◆ WHAT NEEDS TO BE DONE
The answer is the full listing below, copied exactly, with its pictures omitted.

◆ INFORMATION SUPPLIED
---

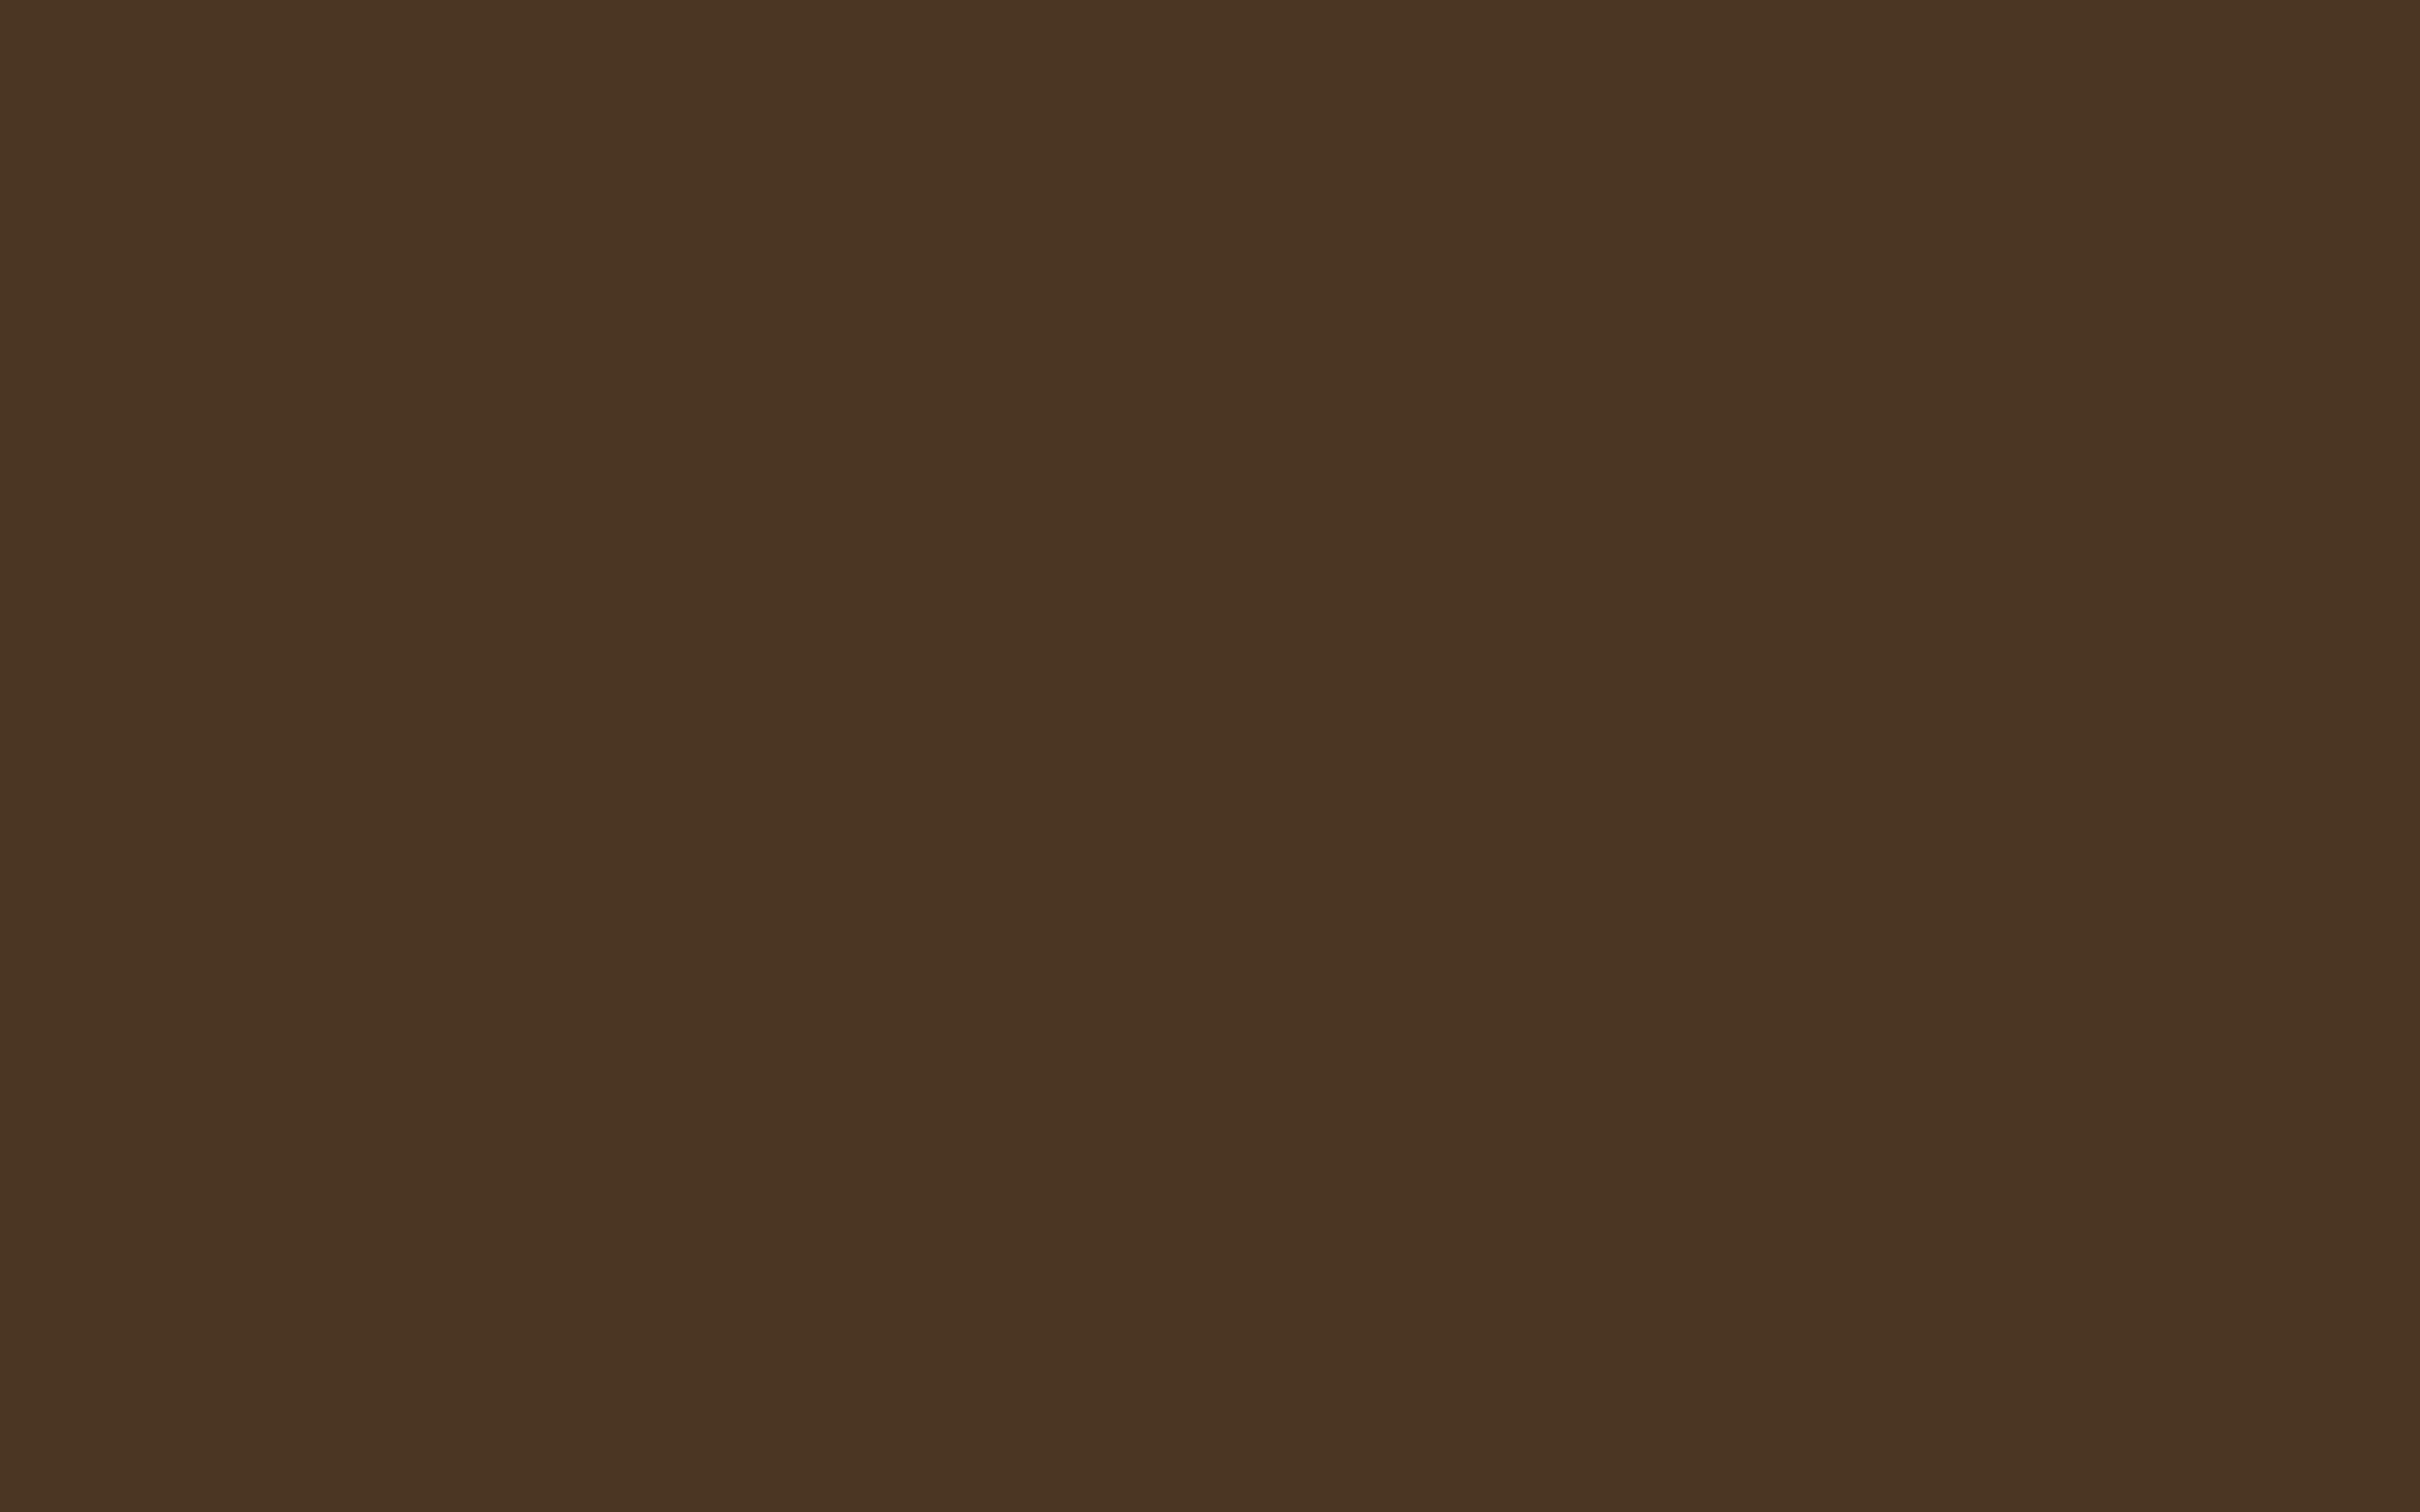 2560x1600 Cafe Noir Solid Color Background
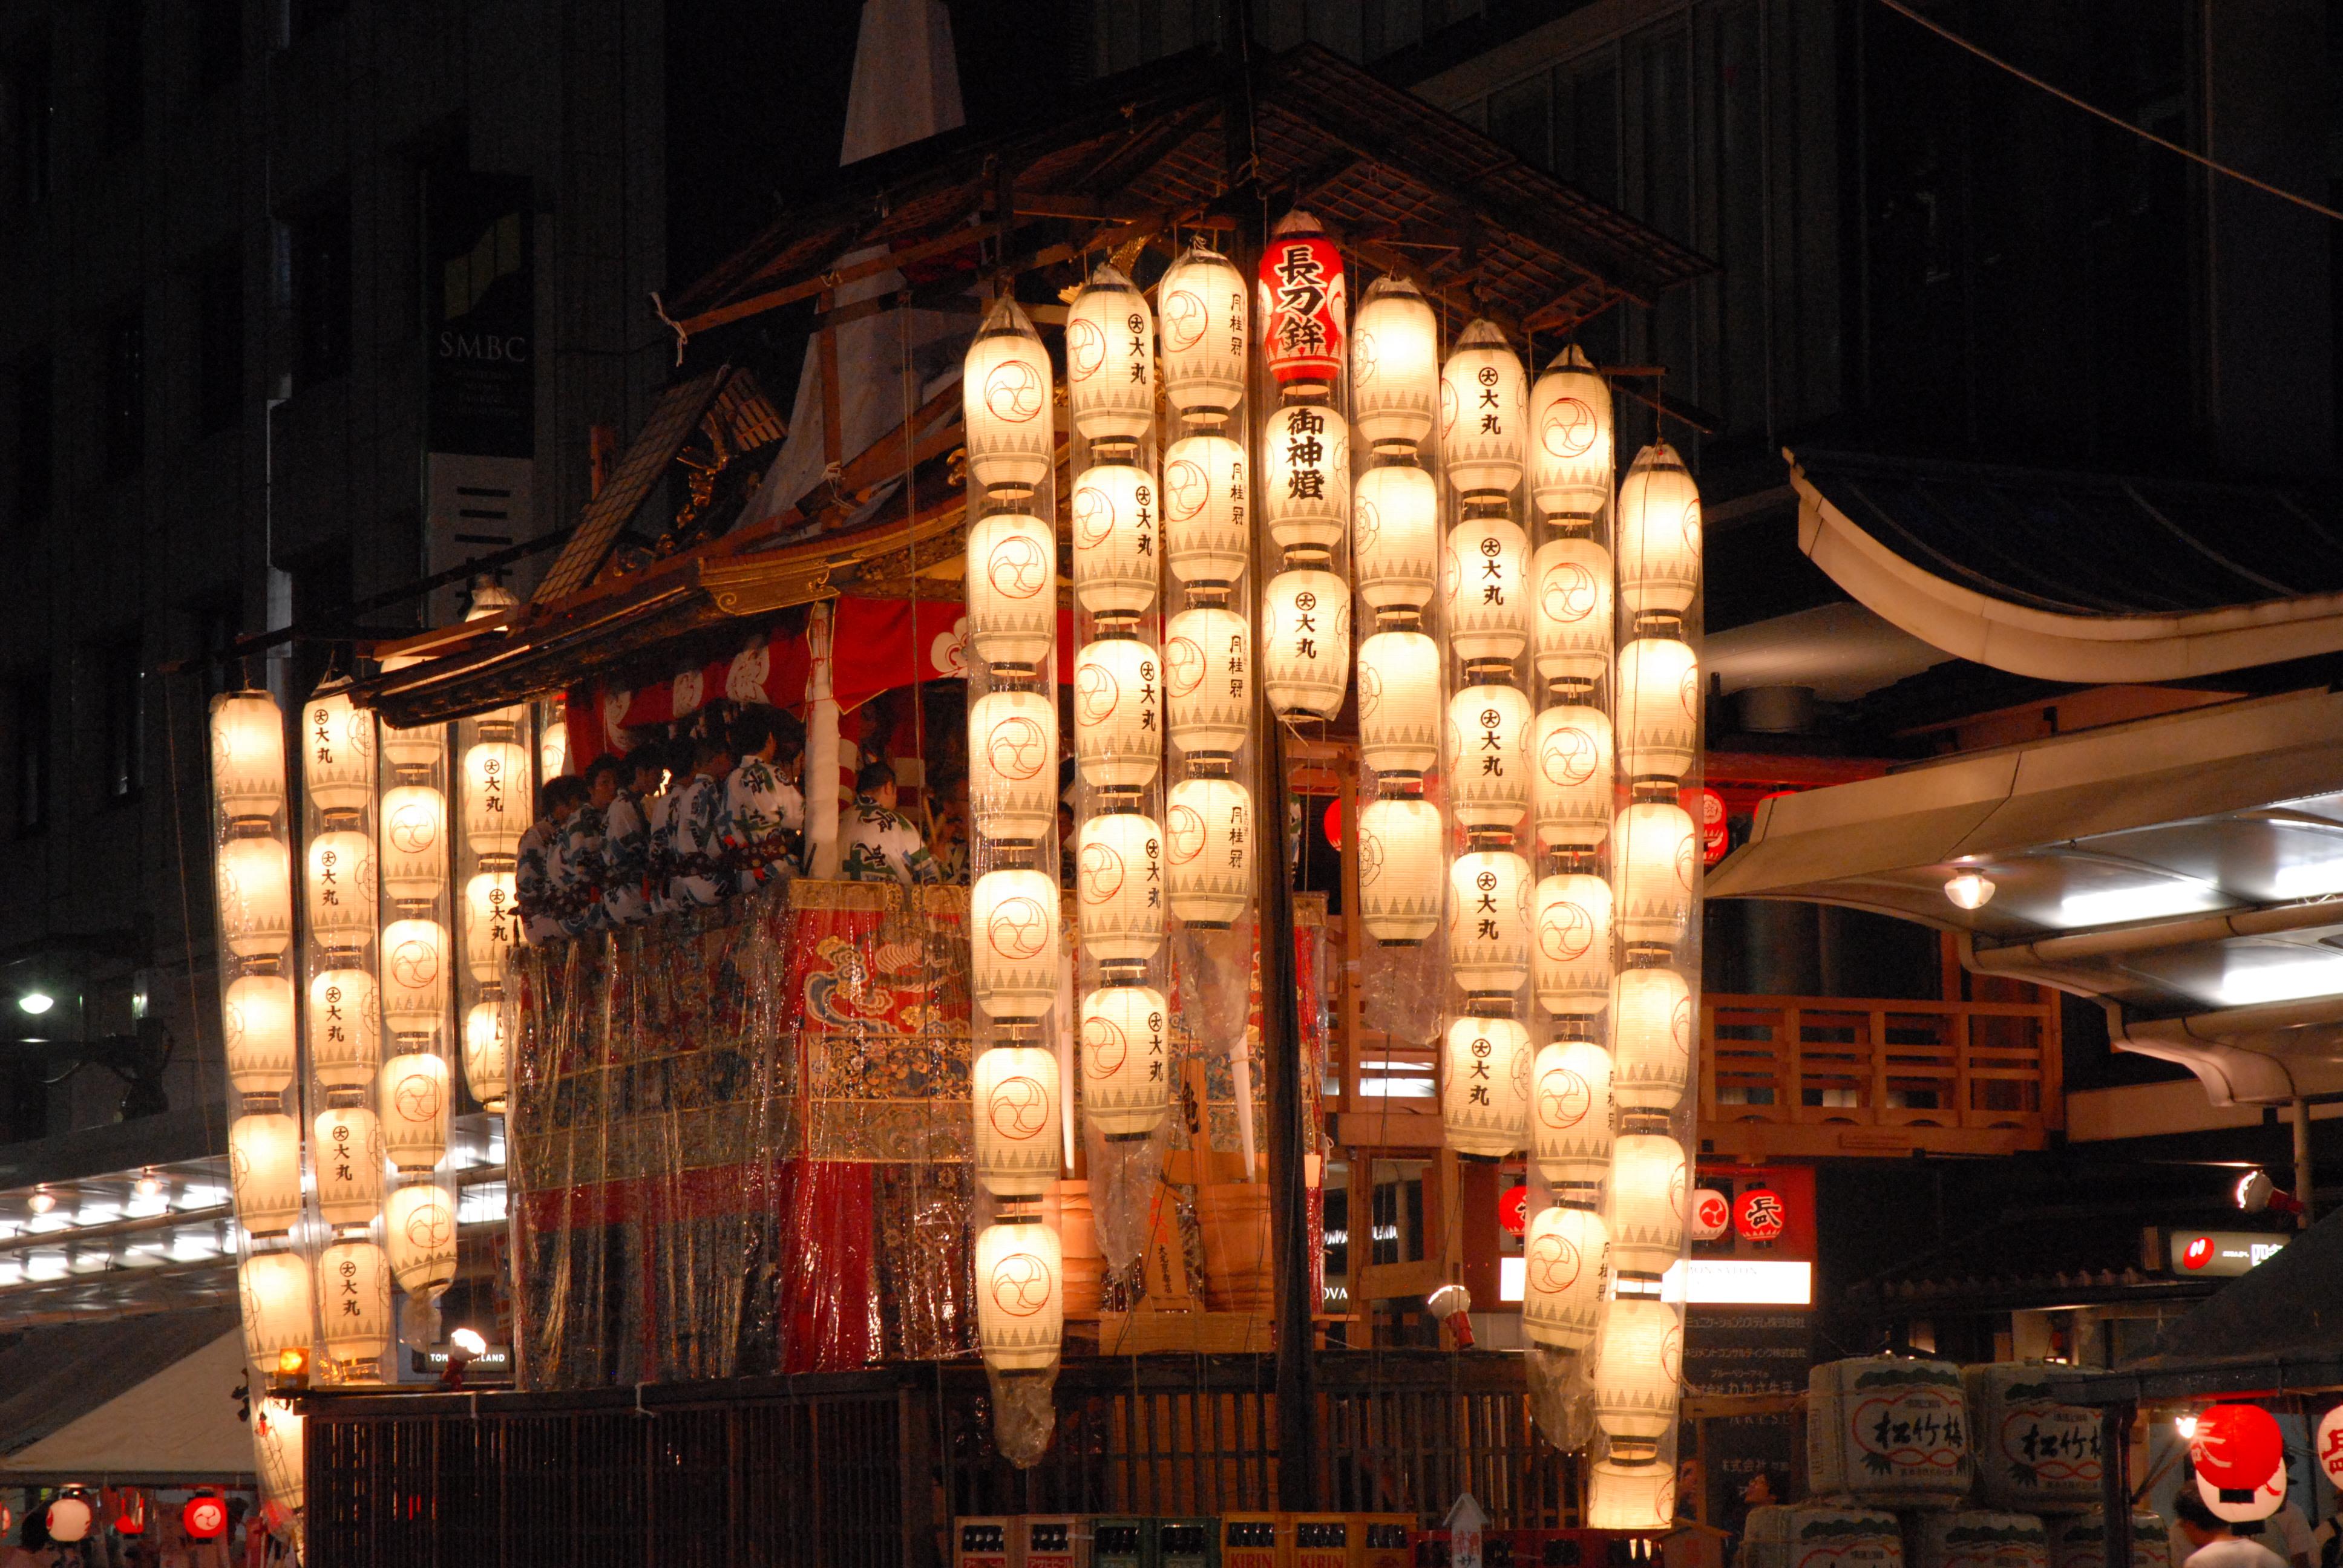 祇園祭 駒形提灯
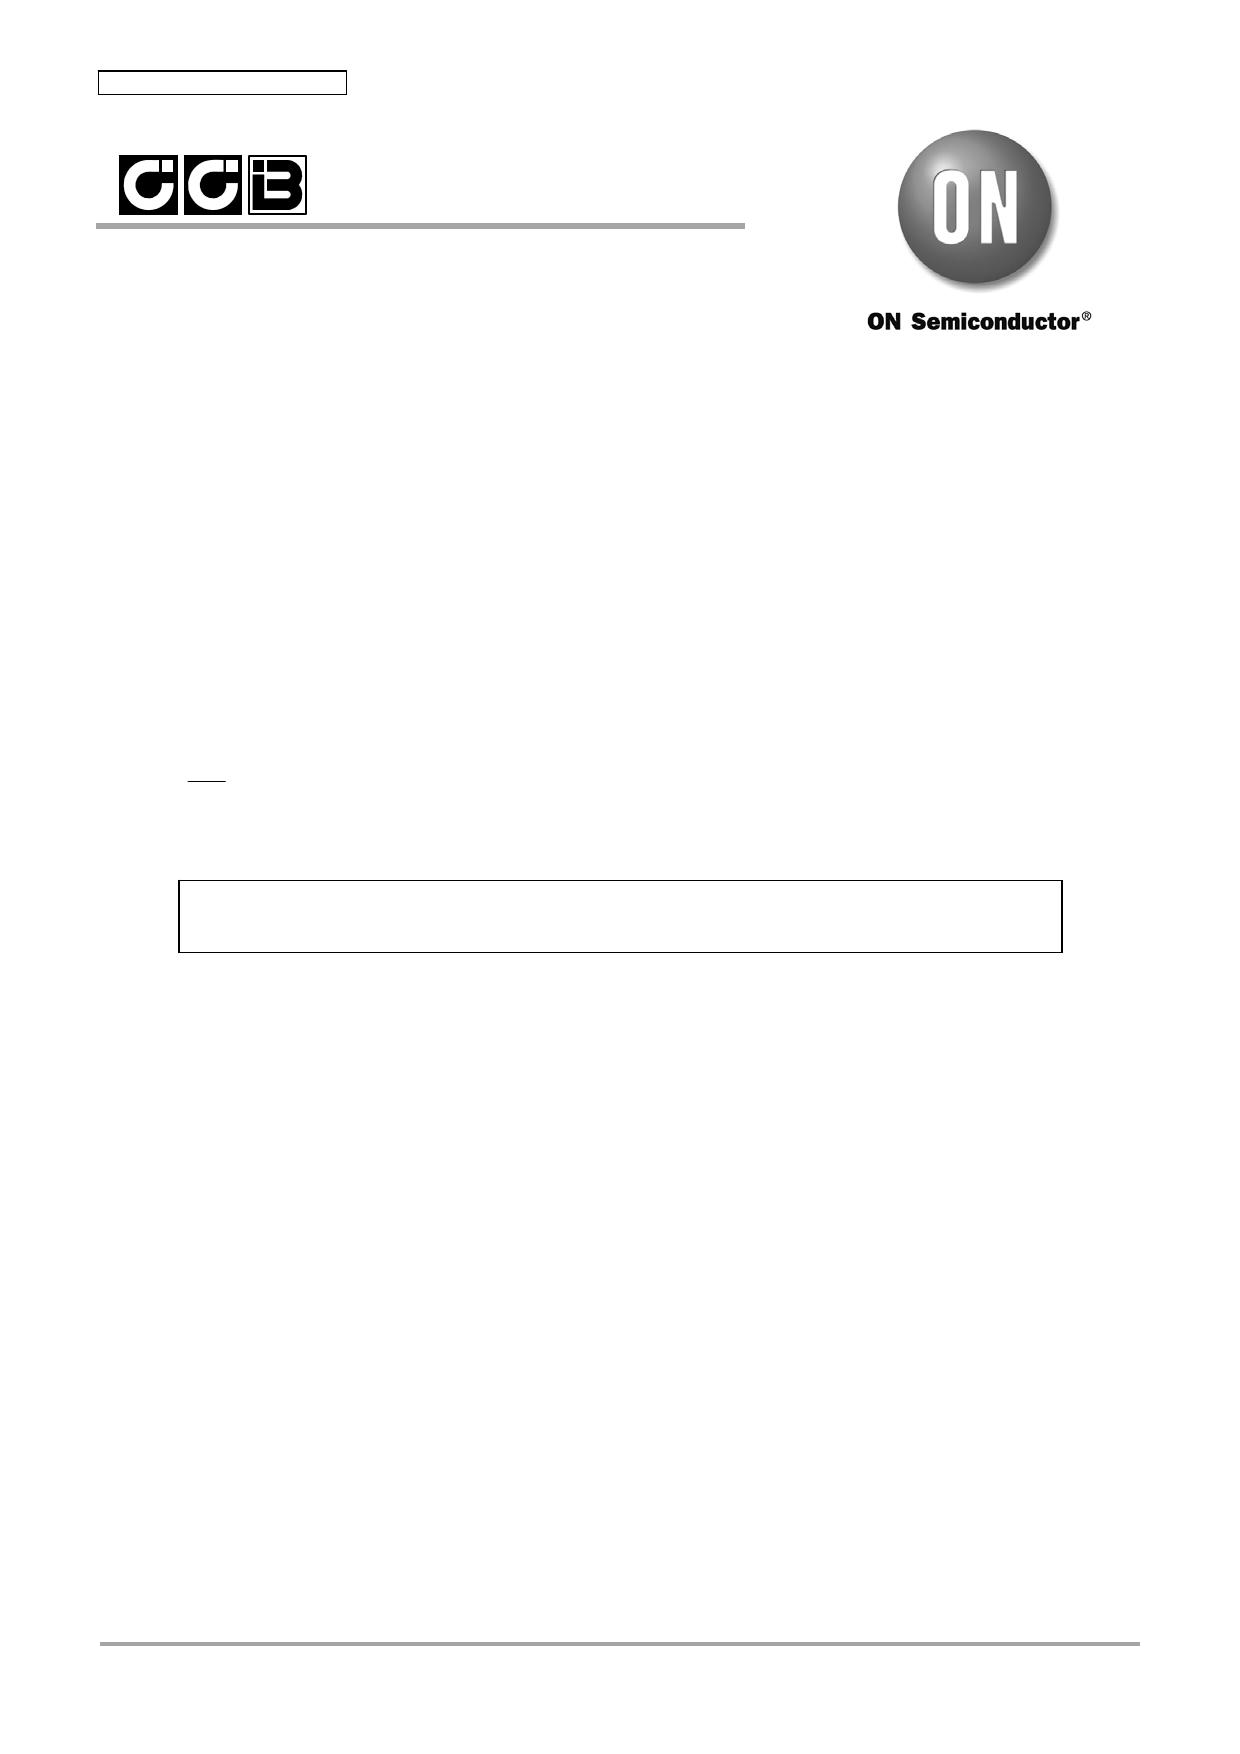 LC75836W datasheet

---

◆ SOLUTION FOR THIS PROBLEM
 2560x1600 Cafe Noir Solid Color Background
 祇園祭 駒形提灯
 LC75836W datasheet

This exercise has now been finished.